■ What to produce
An exact reproduction of all the data is needed, with no images in it.

■ Supplied information
=== Begin Enclosure ===
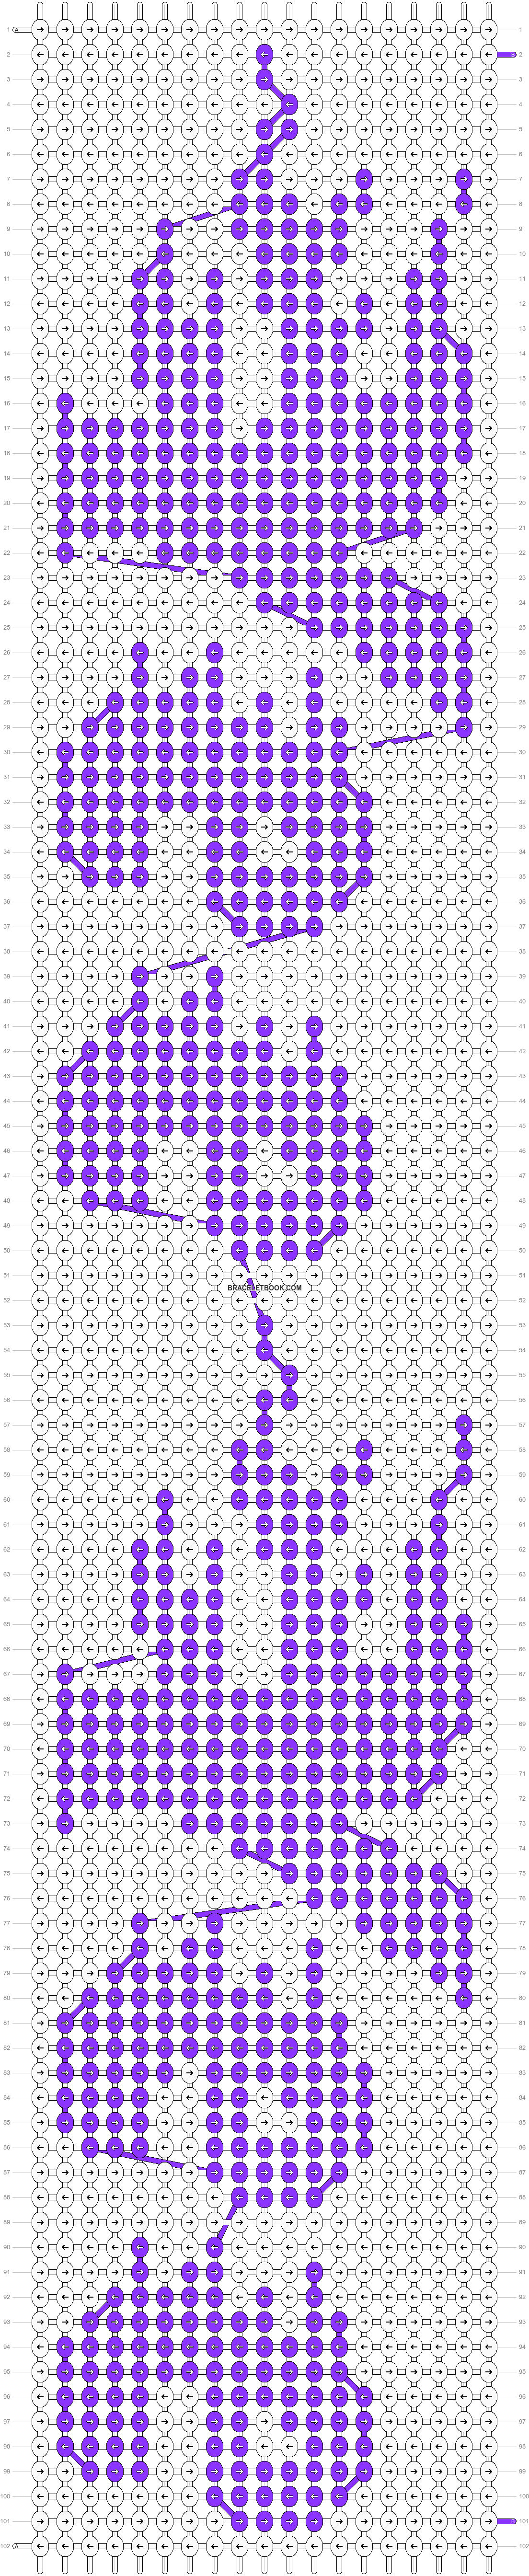 Alpha pattern #35988 variation #34463 pattern
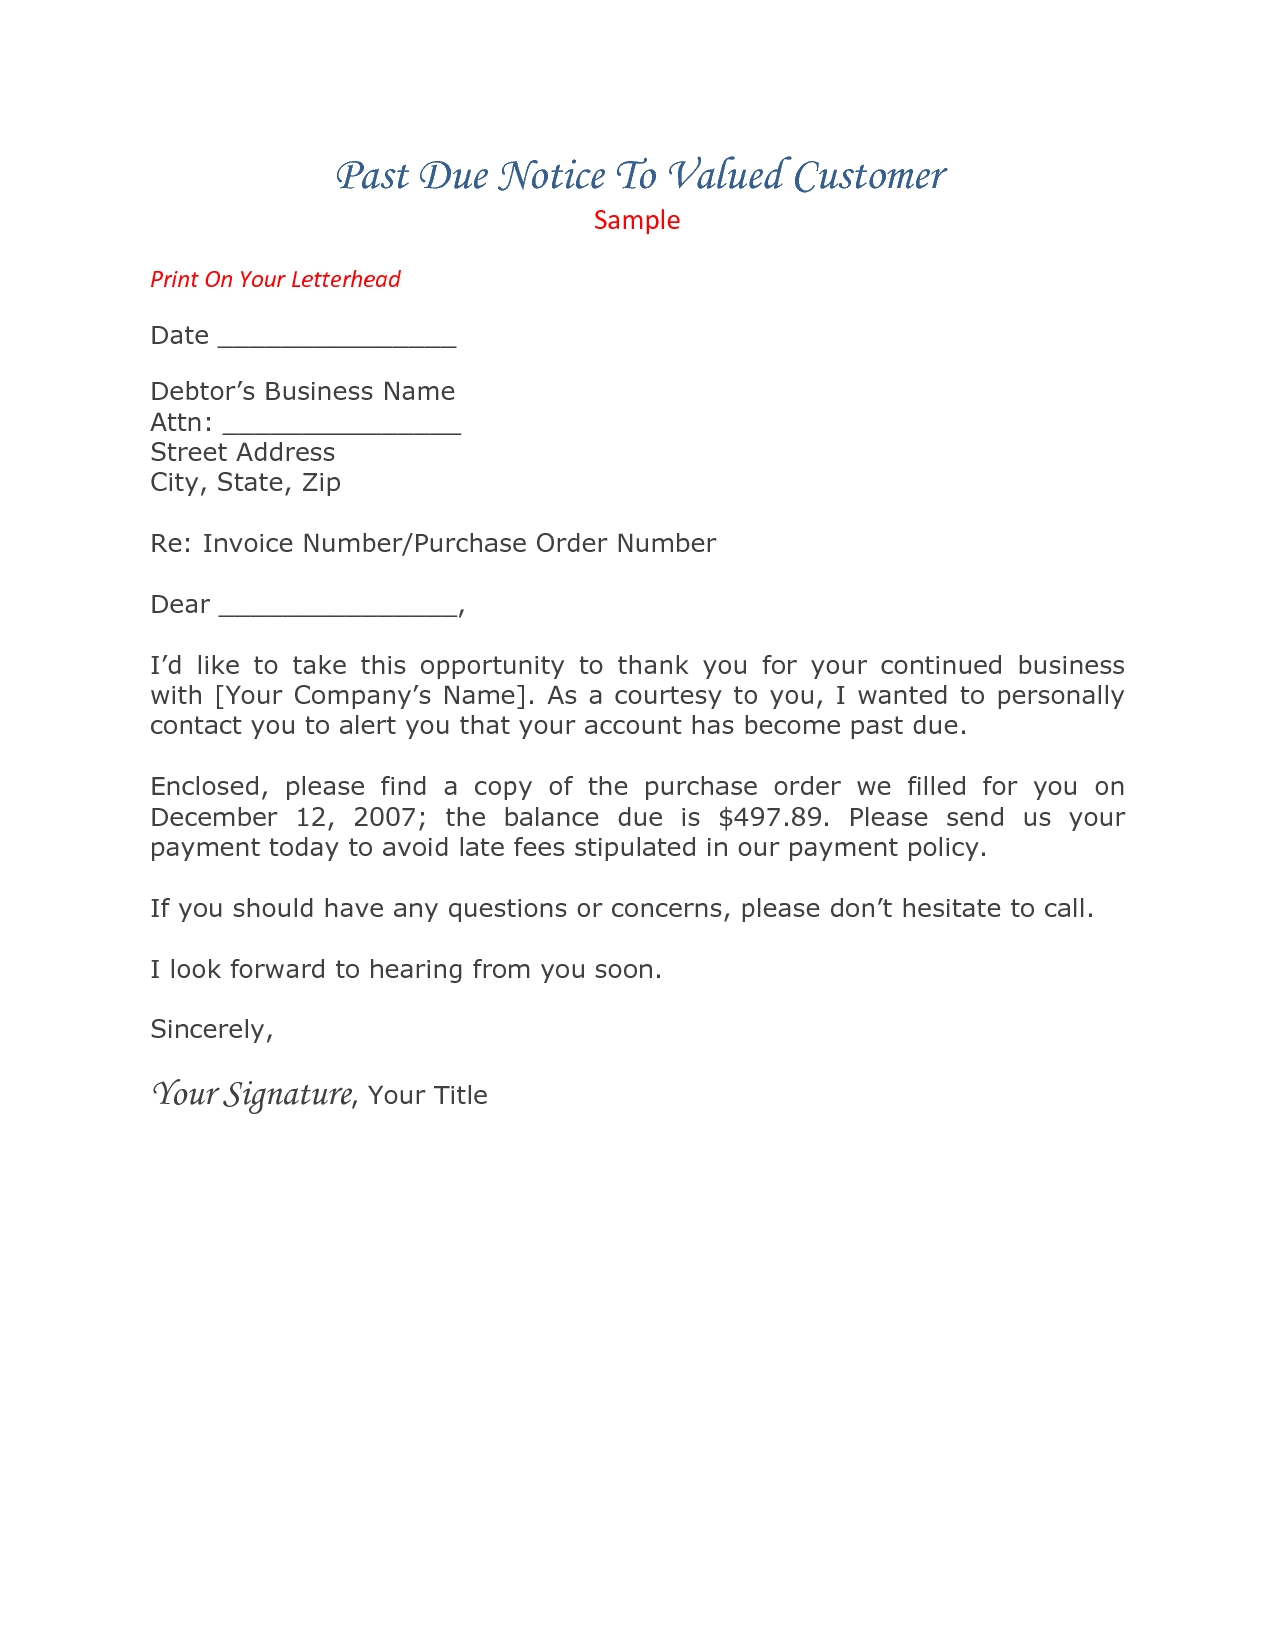 timely invoice letter job cover letter ex bubble letter s design past due invoice letter
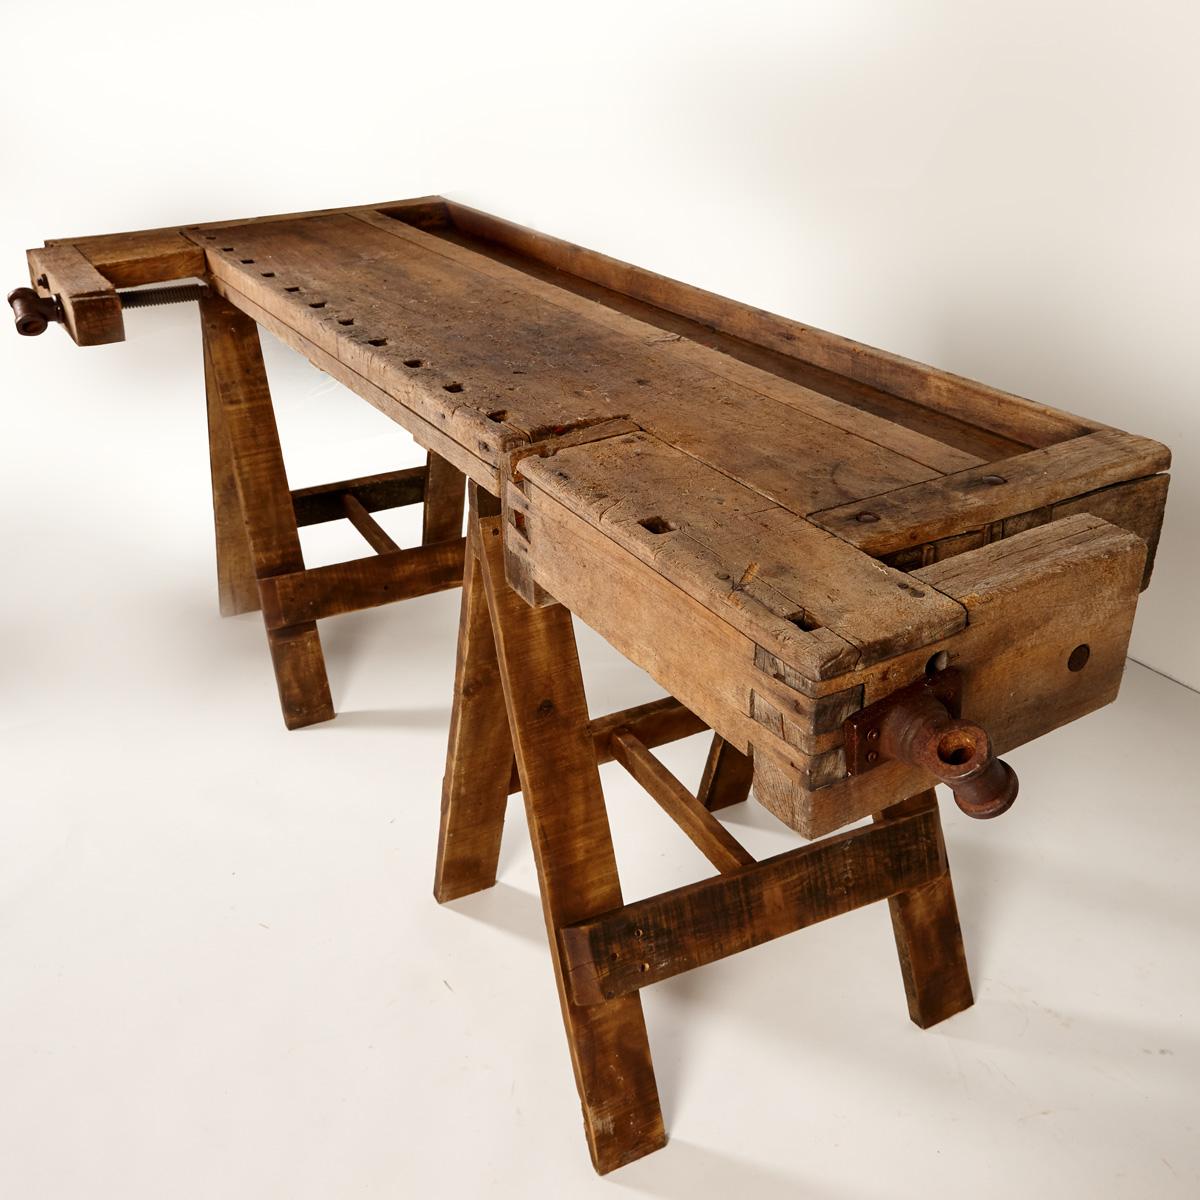 An Antique Dutch Woodworking Bench - Price Estimate: $750
=== End Enclosure ===
■ Expected answer
 Alpha pattern #35988 variation #34463 pattern
 timely invoice letter job cover letter ex bubble letter s design past due invoice letter
 An Antique Dutch Woodworking Bench - Price Estimate: $750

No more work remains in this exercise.